Sounds (and looks) like you're ready for a throwdown...
Bring it Bobby!

mandy said...

oh, those look good! I love southern cooking. so glad you've got a cast iron skillet, they are amazing!
my mother is from louisiana. here is a trick i learned from my great grandma:
mix up some corn bread and put a liberal amount of oil in your cast iron pan. heat your oven up to 450 with the pan inside pull the pan out when oven is at temperature and pour that cornbread into the hot oiled pan, bake as usual. effing amazing.

Amy said...

I'm from Michigan. I've never owned a cast iron skillet or fried anything either. I am definitely still a Yankee (only been here 5 years anyway). Those look yummy. What time is dinner at your house? ;-)

{ T G L } said...

Sounds like you've integrated plenty well down South!
That fried chicken looks authentic to me :)

Did you have any real Southerners to try your food and rate it? ;)

Enjoy the skillet!

This Good Life

Nicolle said...

Dang it, that chicken looks good! Kevin just bought a set of cast iron pots and I've always hated them, but now I want to try them out. I will be right over for some sweet tea too. :)

Bridget said...

Perfectly, wonderfully Southern meal. Love it!

karren said...

Thanks for the tutorial...and more cute chickens!

Kristin said...

I have 3 cast iron skillets and need to break them out now that we have a gas stove in the new house. You've inspired me and I'm going to give it a whirl. I'm also thinking I need to start calling you "The Beach Woman" because this tutorial reminded me of "The Pioneer Woman"!

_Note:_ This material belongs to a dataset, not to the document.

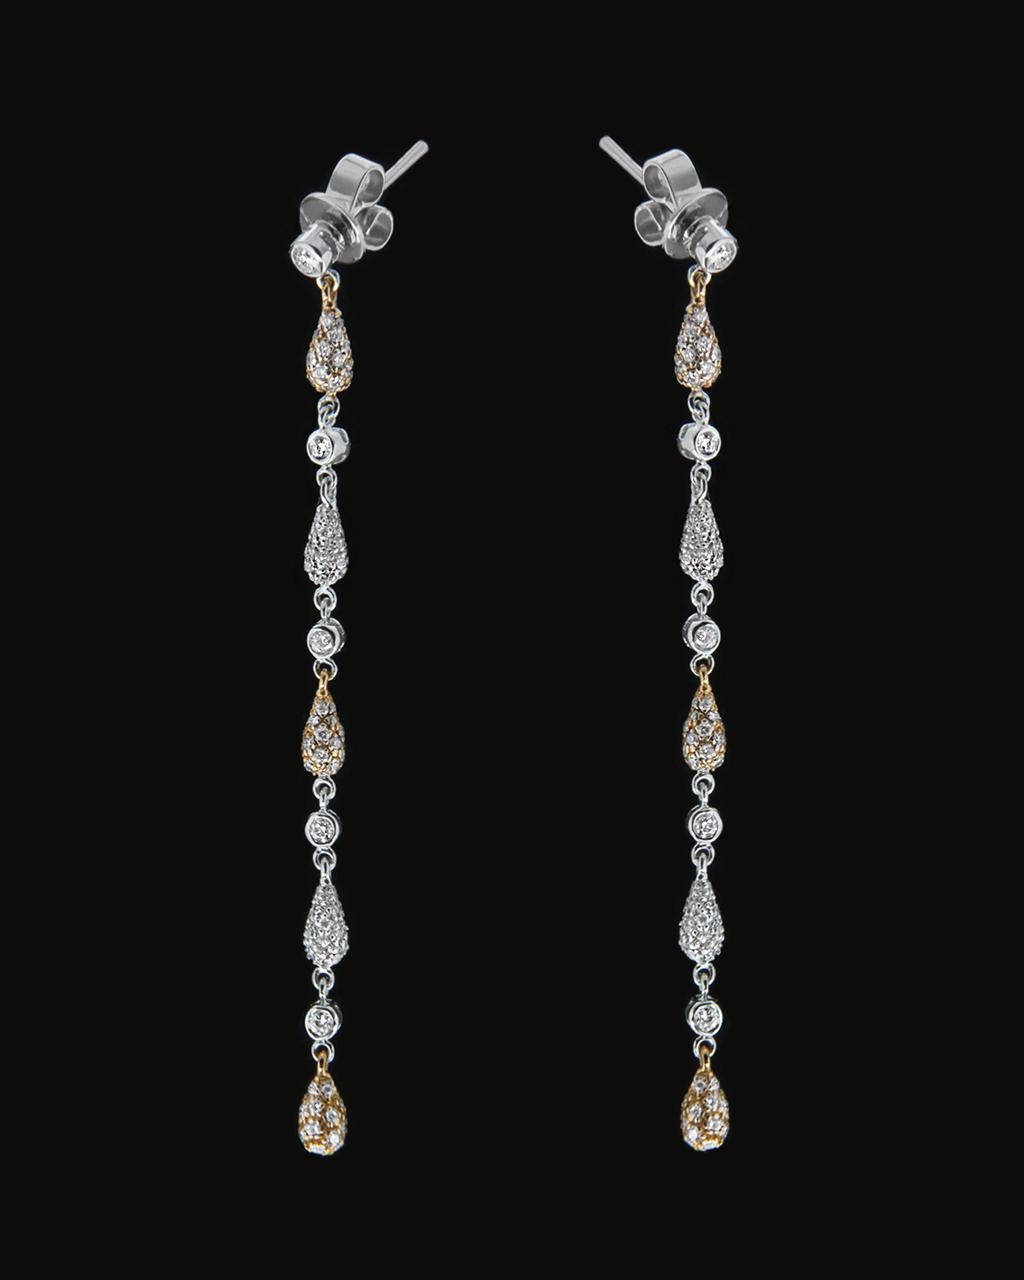 Σκουλαρίκια λευκόχρυσα & ροζ χρυσά Κ18 με Διαμάντια   ζησε το μυθο νυφικό κόσμημα

BTW, I wrote you an email the other day when I got an itch to move to a beach and was looking for thoughts on East Coast down to earth beach towns. Did it end up in cyber-space or are you still mulling over your thoughts?

Cindy S said...

Dang, wish I'd found that recipe BEFORE I started back on the weight watchers.


Gabe said...

so how is Paula? Haven't talked to her in ages!!!!

I have a cast iron skillet, I have chicken maybe I can cook like a southerner too--:)

If this is anything like your little choc chip muffins, it will become a staple around here!

vanessa said...

Congrats on your first fried food! I love fried chicken and other fried foods, especially okra but hate to fry in my house because it will stink for days. I've only fried 2x in my life. When I told my friends they looked at me like I had 2 heads. That is Alabama for you!

Kyria @ Travel Spot said...

Looks yummy! I am starring this recipe for later use (once I get one of those skillets!) Good job, you are now officially southern.

Dani said...

I have so enjoyed catching up with you and all your fun.

September is my lost month...or this one is.

I've missed you and your sweet self.

sloan said...

omg, this looks sooooo delicious - but i don't have a cast iron skillet ... do i even stand a chance w/o one?!

Megan said...

I need a cast iron skillet! How do I not have one?!